Source material:
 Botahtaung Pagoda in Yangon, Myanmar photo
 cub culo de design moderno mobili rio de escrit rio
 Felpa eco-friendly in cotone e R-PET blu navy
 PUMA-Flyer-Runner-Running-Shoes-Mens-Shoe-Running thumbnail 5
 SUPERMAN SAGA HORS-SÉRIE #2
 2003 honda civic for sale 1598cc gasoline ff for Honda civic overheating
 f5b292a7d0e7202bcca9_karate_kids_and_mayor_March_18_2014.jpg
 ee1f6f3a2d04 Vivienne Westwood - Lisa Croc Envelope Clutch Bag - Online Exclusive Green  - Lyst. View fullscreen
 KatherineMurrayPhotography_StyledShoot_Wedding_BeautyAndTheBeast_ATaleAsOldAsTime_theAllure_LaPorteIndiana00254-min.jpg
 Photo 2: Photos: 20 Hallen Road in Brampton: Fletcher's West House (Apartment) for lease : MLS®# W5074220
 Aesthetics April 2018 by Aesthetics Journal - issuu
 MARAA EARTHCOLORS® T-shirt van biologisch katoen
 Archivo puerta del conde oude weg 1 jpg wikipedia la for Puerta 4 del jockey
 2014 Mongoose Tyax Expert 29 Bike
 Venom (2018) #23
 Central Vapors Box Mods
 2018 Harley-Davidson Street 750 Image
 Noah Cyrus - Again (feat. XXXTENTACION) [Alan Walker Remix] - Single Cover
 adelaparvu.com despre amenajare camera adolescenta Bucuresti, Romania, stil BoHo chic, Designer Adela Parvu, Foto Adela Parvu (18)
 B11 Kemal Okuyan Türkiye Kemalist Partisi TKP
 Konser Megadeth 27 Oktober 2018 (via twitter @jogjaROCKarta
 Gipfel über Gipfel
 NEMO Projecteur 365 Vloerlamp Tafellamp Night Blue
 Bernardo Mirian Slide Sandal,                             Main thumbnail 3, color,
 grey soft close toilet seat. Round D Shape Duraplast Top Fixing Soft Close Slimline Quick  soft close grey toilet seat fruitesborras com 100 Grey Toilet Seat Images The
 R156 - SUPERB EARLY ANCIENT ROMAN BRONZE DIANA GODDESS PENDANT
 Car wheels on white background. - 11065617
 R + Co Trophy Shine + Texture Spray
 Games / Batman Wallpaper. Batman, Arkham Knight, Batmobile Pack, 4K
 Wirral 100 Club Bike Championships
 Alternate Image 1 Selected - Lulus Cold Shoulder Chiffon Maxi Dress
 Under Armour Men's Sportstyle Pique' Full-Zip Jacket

To do:
The entries above hold the needed span. Transcribe exactly the lines from the one with "MARAA EARTHCOLORS® T-shirt" to the one with "adelaparvu.com despre amenajare", both included.

Reply to the task:
 MARAA EARTHCOLORS® T-shirt van biologisch katoen
 Archivo puerta del conde oude weg 1 jpg wikipedia la for Puerta 4 del jockey
 2014 Mongoose Tyax Expert 29 Bike
 Venom (2018) #23
 Central Vapors Box Mods
 2018 Harley-Davidson Street 750 Image
 Noah Cyrus - Again (feat. XXXTENTACION) [Alan Walker Remix] - Single Cover
 adelaparvu.com despre amenajare camera adolescenta Bucuresti, Romania, stil BoHo chic, Designer Adela Parvu, Foto Adela Parvu (18)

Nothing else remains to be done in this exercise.